Re: MikroTik to pfSense IPSEC

Tue Aug 24, 2021 12:17 pm

The
action=accept chain=srcnat dst-address=192.168.0.0/24 src-address=172.16.6.0/24
rule in /ip firewall nat must be placed before (above) the
action=masquerade chain=srcnat comment=Masquerade out-interface-list=WAN
one. The matching to the traffic selectors of IPsec policies is done as the last step before sending the packet out the interface chosen by regular routing, which is the WAN (ether1) one in your case since the only route you've got in your system is the default one obtained using DHCP. So the packet gets NATed first, and once it gets NATed, it cannot match the traffic selector any more.

On a GUI, the rules can be dragged and dropped using a mouse; on CLI, /ip firewall nat move N destination=M is used to change the rule order.
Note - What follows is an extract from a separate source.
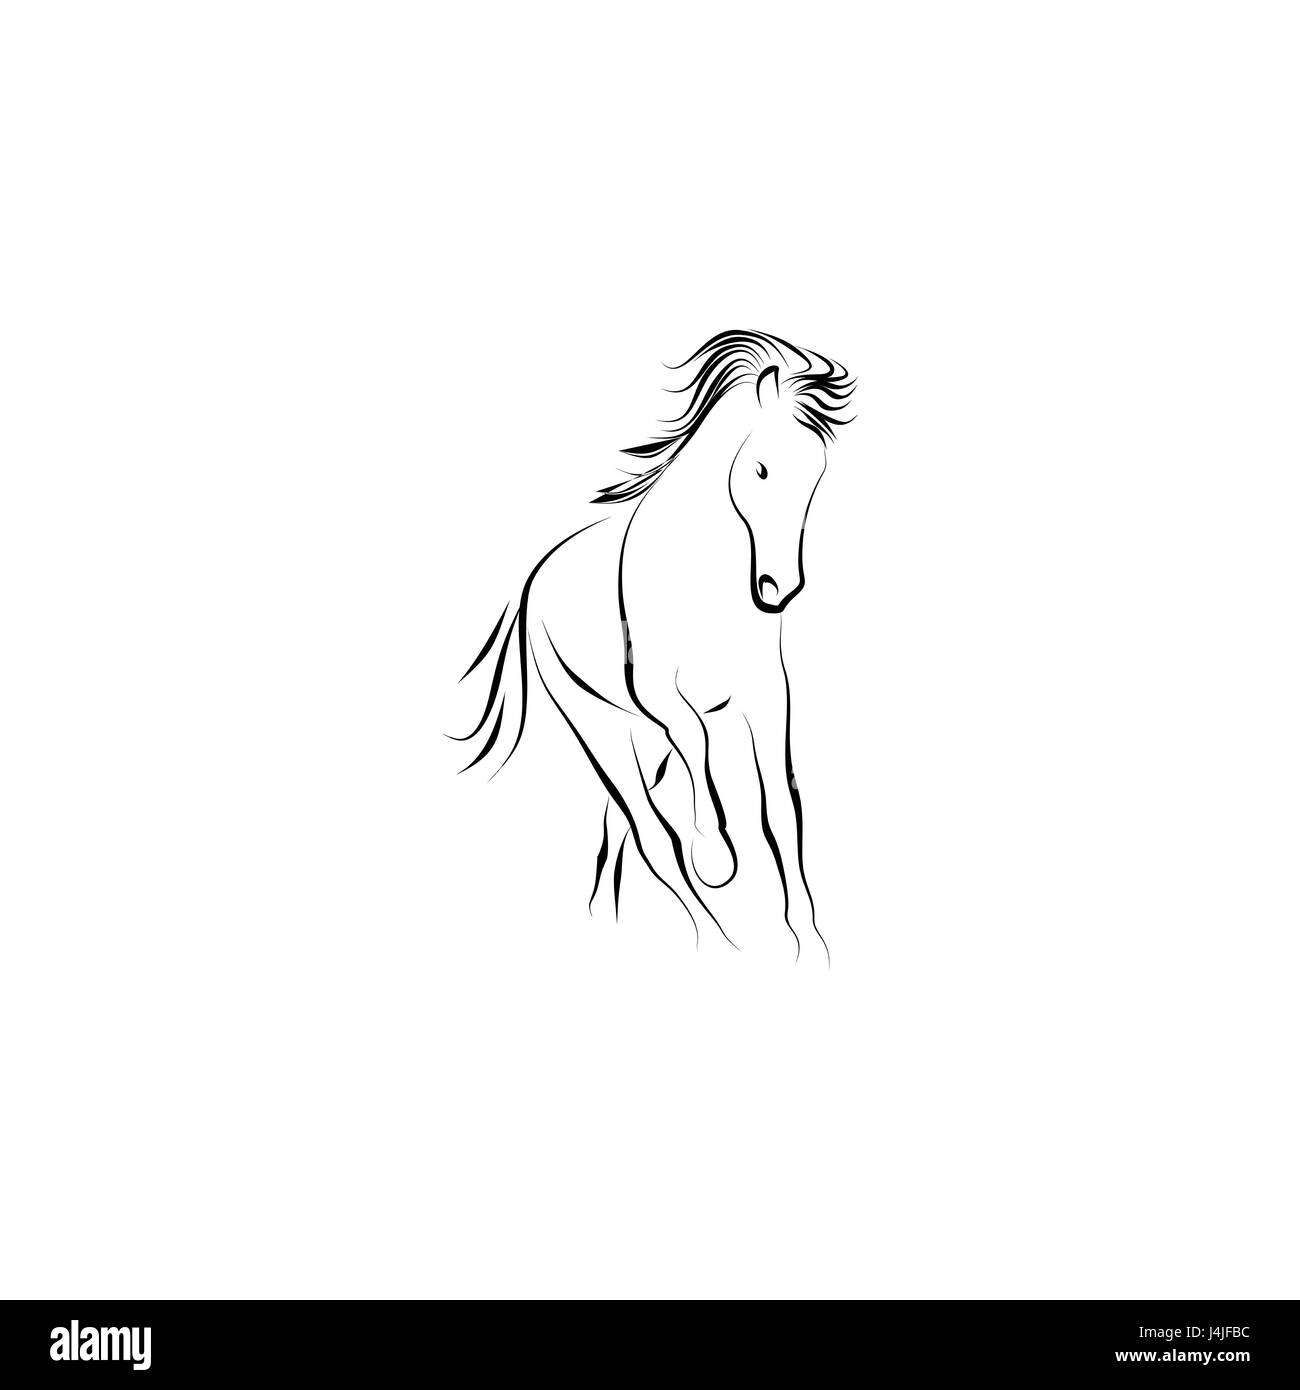 Running horse - Stock Image

It moves rule N just before rule M. You can use /ip firewall nat print first to get row numbers to be referred to as N and M, or you can use [find] in more complex situations - not your case.
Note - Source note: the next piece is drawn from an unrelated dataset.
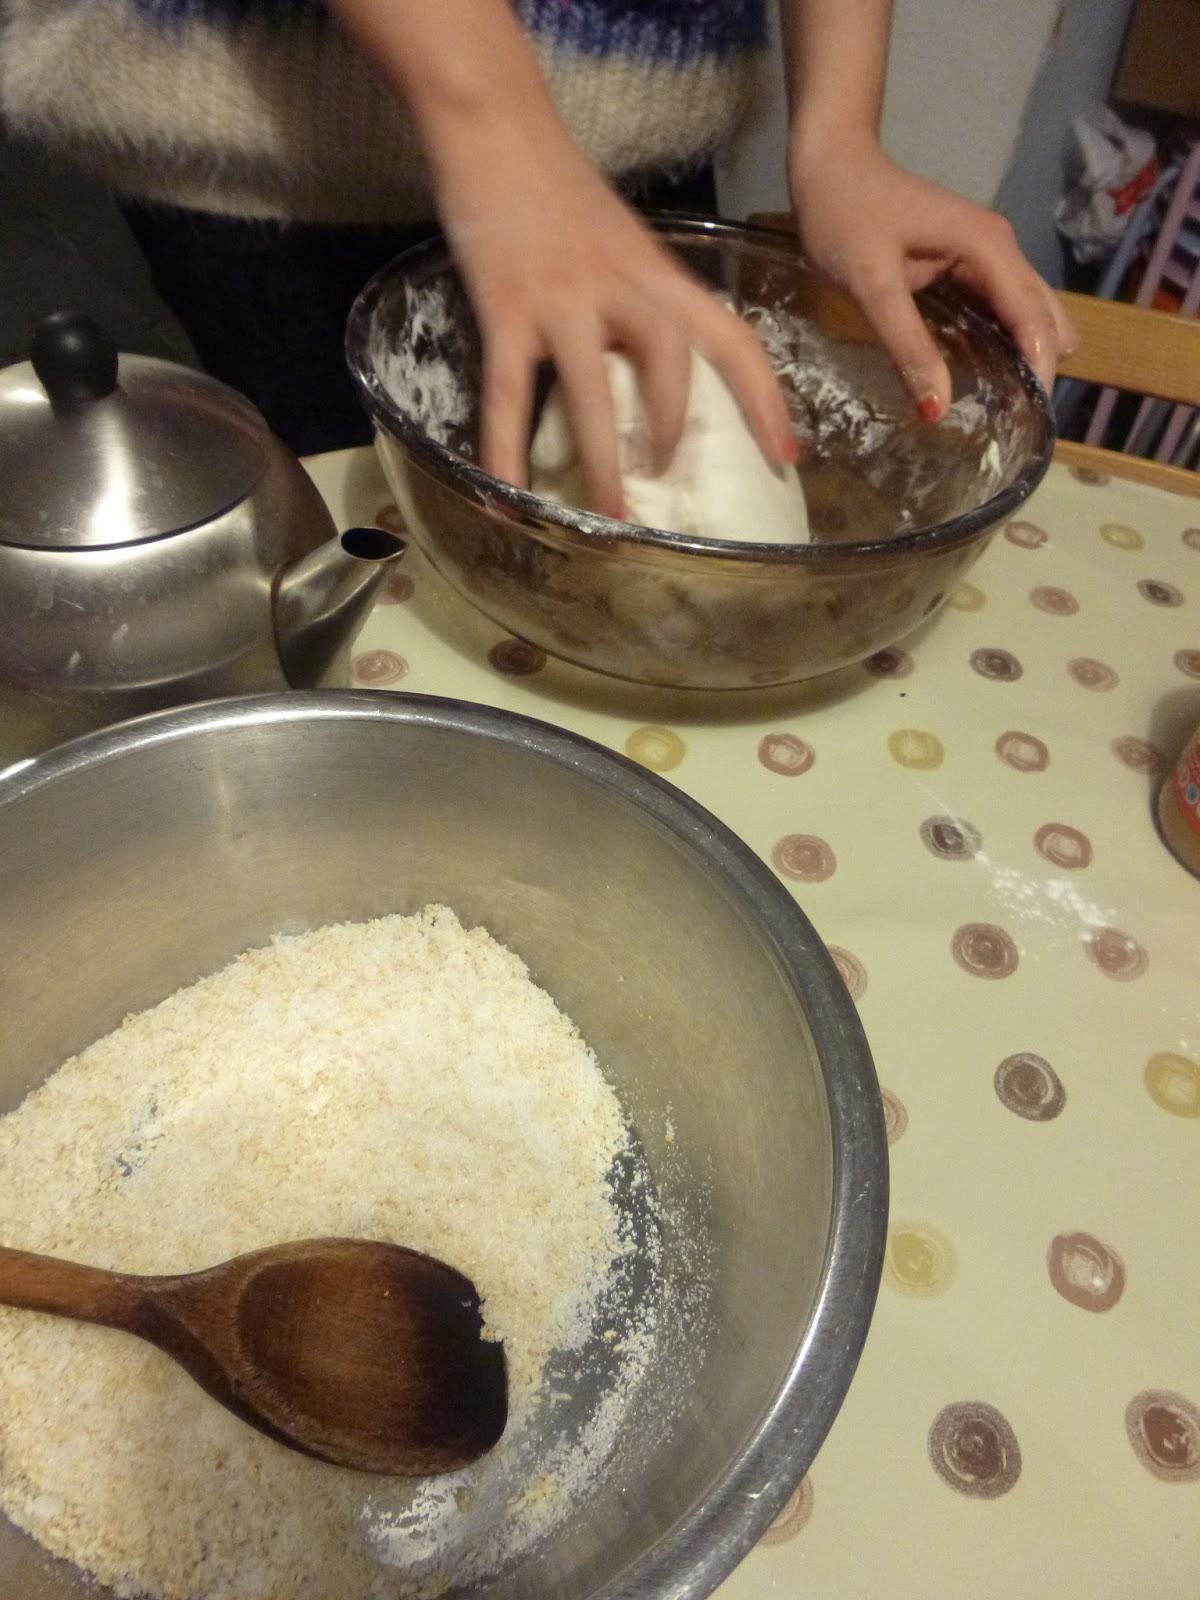 how to make dumplings not stick

Another possibility would be to add a static route to 172.16.6.0/24 via some other interface; this way, you wouldn't need to shadow the
action=masquerade ... out-interface-list=WAN
rule.

And of course, you have to treat also the two other destination subnets, 172.16.7.0/24 and 172.16.20.0/24, the same way. You may simplify the srcnat rules or routes (probably not the policies) to a single one if you don't use anything from 172.16.0.0/19 anywhere else in your network.
 
shaunmccloud
Frequent Visitor
Frequent Visitor
Topic Author
Posts: 57
Joined: Tue Jun 02, 2015 5:06 pm

Re: MikroTik to pfSense IPSEC

Wed Aug 25, 2021 12:08 am

The
action=accept chain=srcnat dst-address=192.168.0.0/24 src-address=172.16.6.0/24
rule in /ip firewall nat must be placed before (above) the
action=masquerade chain=srcnat comment=Masquerade out-interface-list=WAN
one. The matching to the traffic selectors of IPsec policies is done as the last step before sending the packet out the interface chosen by regular routing, which is the WAN (ether1) one in your case since the only route you've got in your system is the default one obtained using DHCP. So the packet gets NATed first, and once it gets NATed, it cannot match the traffic selector any more.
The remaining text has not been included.